Scholarship in the Networked World
Oliver Smithies Lecture
6 June 2013, 5pm
Christine L. Borgman
Professor & Presidential Chair in Information Studies
University of California, Los Angeles
Oliver Smithies Visiting Fellow and Lecturer
Balliol College, University of Oxford
Scholars are expected to publish the results of their work in journals, books, and other venues. Now they are being asked to publish their data as well, which marks a fundamental transition in scholarly communication. Data are not shiny objects that are easily exchanged. Rather, they are fuzzy and poorly bounded entities. The enthusiasm for “big data” is obscuring the complexity and diversity of data and of data practices across the disciplines. Data flows are uneven – abundant in some areas and sparse in others, easily or rarely shared. Open access and open data are contested concepts that are often conflated. Data are a lens to observe the rapidly changing landscape of scholarly practice. This talk is based on an Oxford-based book project to open up the black box of “data,” peering inside to explore behavior, technology, and policy issues.

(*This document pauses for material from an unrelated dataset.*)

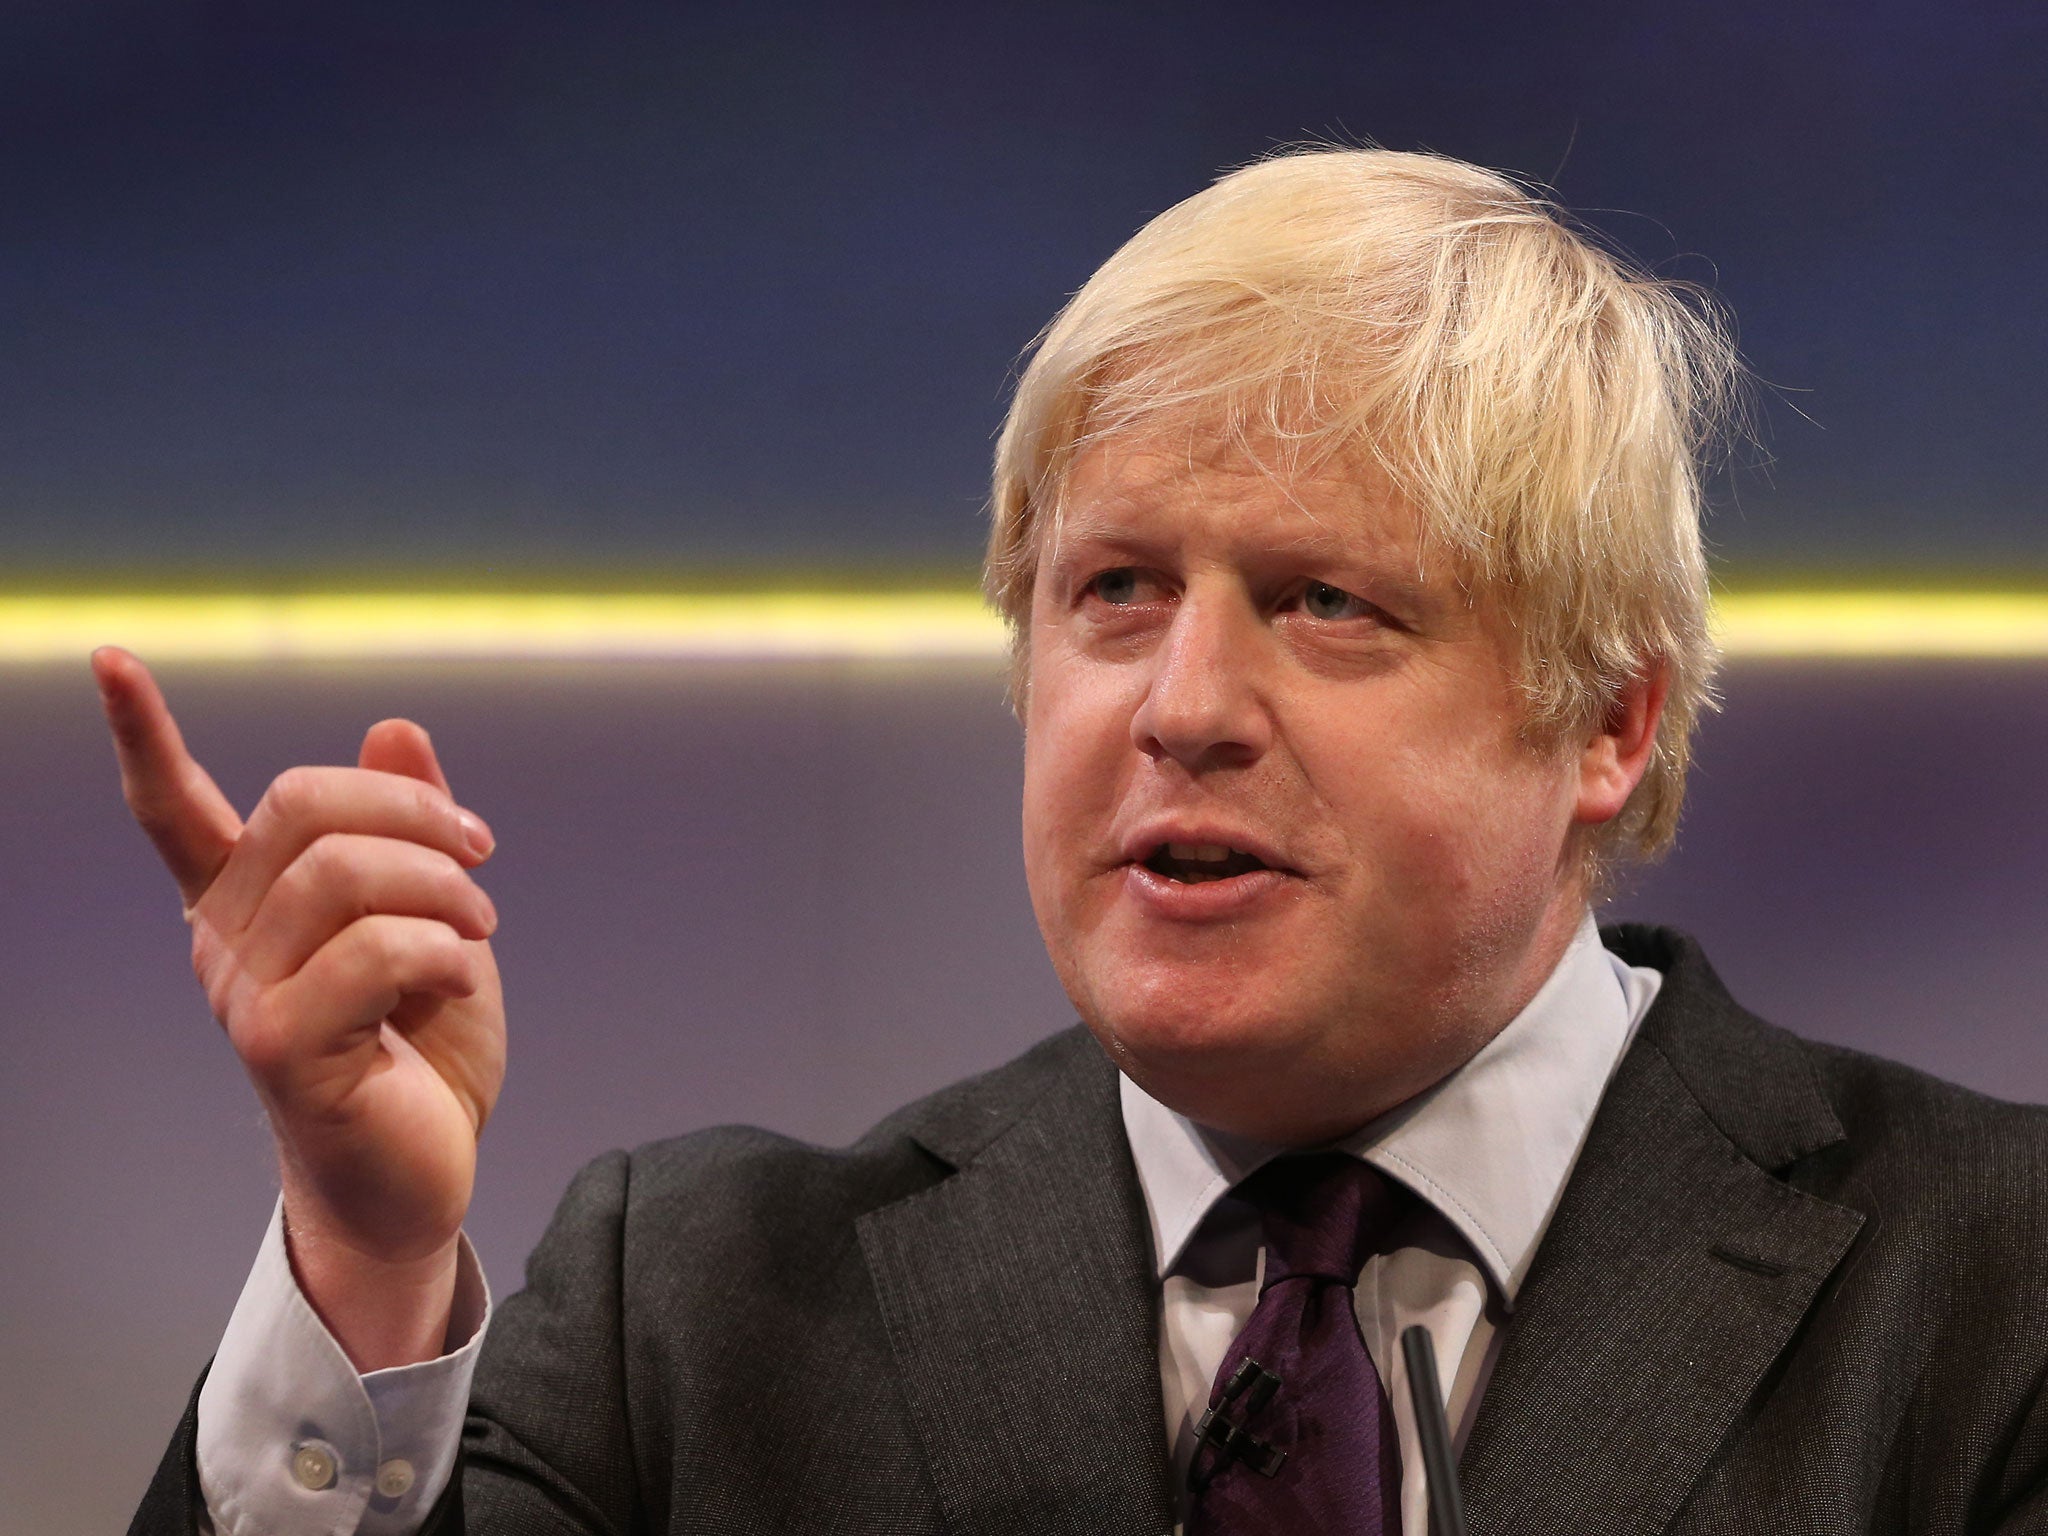 London Mayor Boris Johnson is a former pupil of Ashdown House Preparatory School in Forest Row, East Sussex

Christine L. Borgman is Professor and Presidential Chair in Information Studies at UCLA. Currently (2012-13) she is the Oliver Smithies Visiting Fellow and Lecturer at Balliol College, University of Oxford, where she also is affiliated with the Oxford Internet Institute and the eResearch Centre. Prof. Borgman is the author of more than 200 publications in information studies, computer science, and communication. Her monographs, Scholarship in the Digital Age: Information, Infrastructure, and the Internet (MIT Press, 2007) and From Gutenberg to the Global Information Infrastructure: Access to Information in a Networked World (MIT Press, 2000), each won the Best Information Science Book of the Year award from the American Society for Information Science and Technology. She conducts data practices research with funding from the National Science Foundation, Sloan Foundation, and Microsoft Research. Current collaborations include Monitoring, Modeling, and Memory, The Transformation of Knowledge, Culture, and Practice in Data-Driven Science, and Empowering Long Tail Research.